Let $G$ be a cyclic group, and $a,b$ two generators of $G$. Prove that exists automorphism $f$ such that $f(a)=b$ and that if $f$ is an automorphism then $f(a)$ generates $b$.
$G$ is cyclic, thus every $x\in G$ is $x=a^n$ and $x=b^m$. The considering $a^n= b^m$, is it possible to define $f(a)=a^{(n/m)}$? It'd be $f(a)=b$, but the $f$ defined needs to satisfy $f(ca)=f(a)$ if $f$ is automorphism, and with the $f$ I defined is $f(ca)=cf(a)$.
(1) define $f(a)=b$. Then take $f(a^k)=b^k$. That defines a bijection. To show that it is an automorphism all we need is that $f(gh)=f(g)f(h)$. But that follows immediately from the definition of $f$.
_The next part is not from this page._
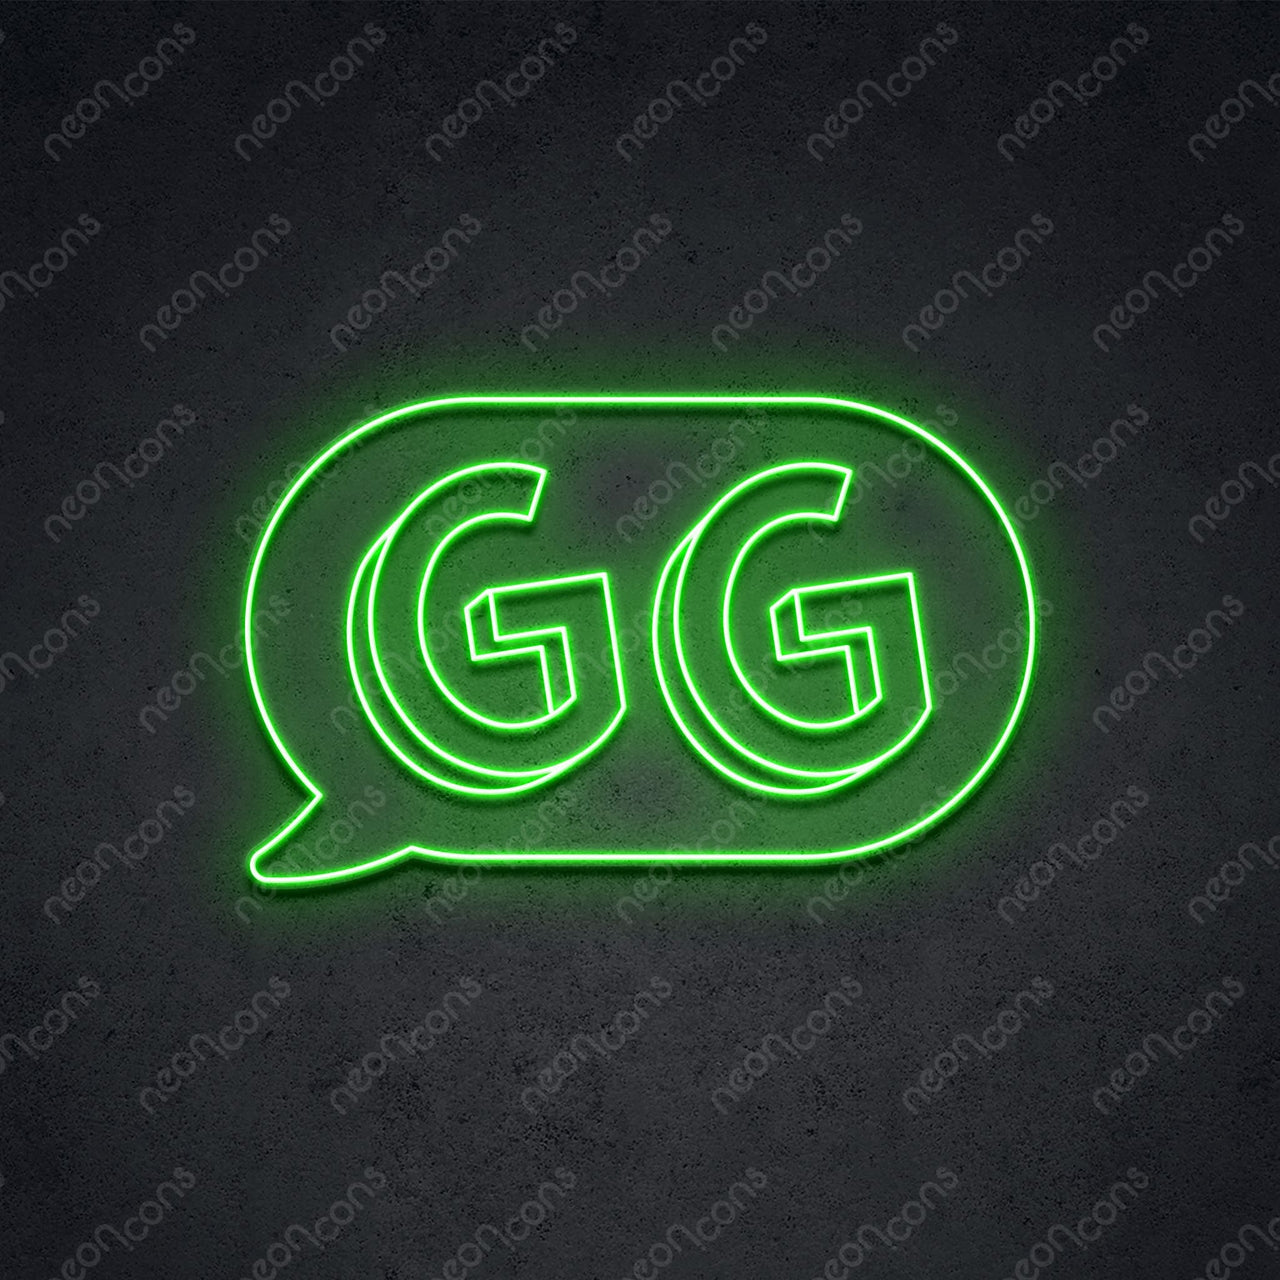 'GG In The Chat' Neon Sign 45cm (1.5ft) / Green / LED by Neon Icons
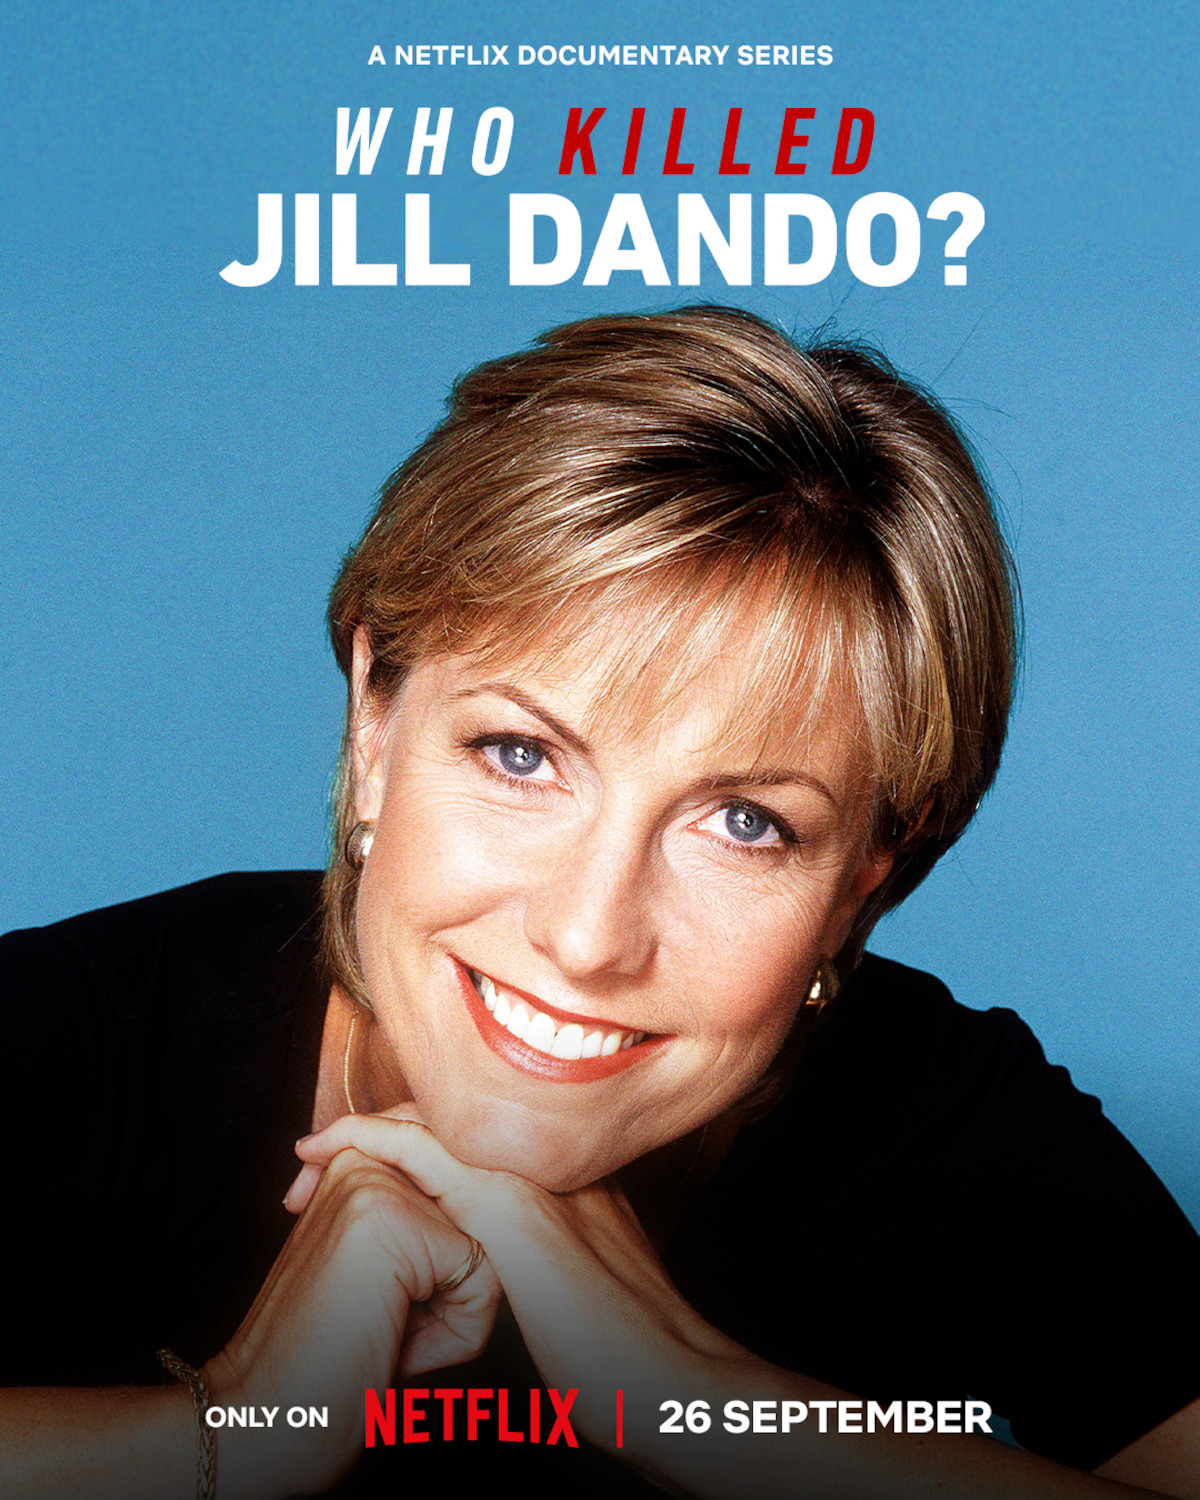 I Just Want To Be Killed Who Killed Jill Dando?' Learn Who She Was and the True Story of Her Murder  in the New Documentary - Netflix Tudum

(2) Here we are given that $f$ is an automorphism. So suppose $f(a)=g$. We want to show that $g^k=b$ for some $k$. But $f$ must be surjective, so if the order of the group is $n$, then the elements $f(a),f(a^2),\dots f(a^n)$ must be just a rearrangement of the elements of $G$, so we must have $f(a^k)=b$ for some $k$. But $f(a^k)=g^k$, so $g^k=b$.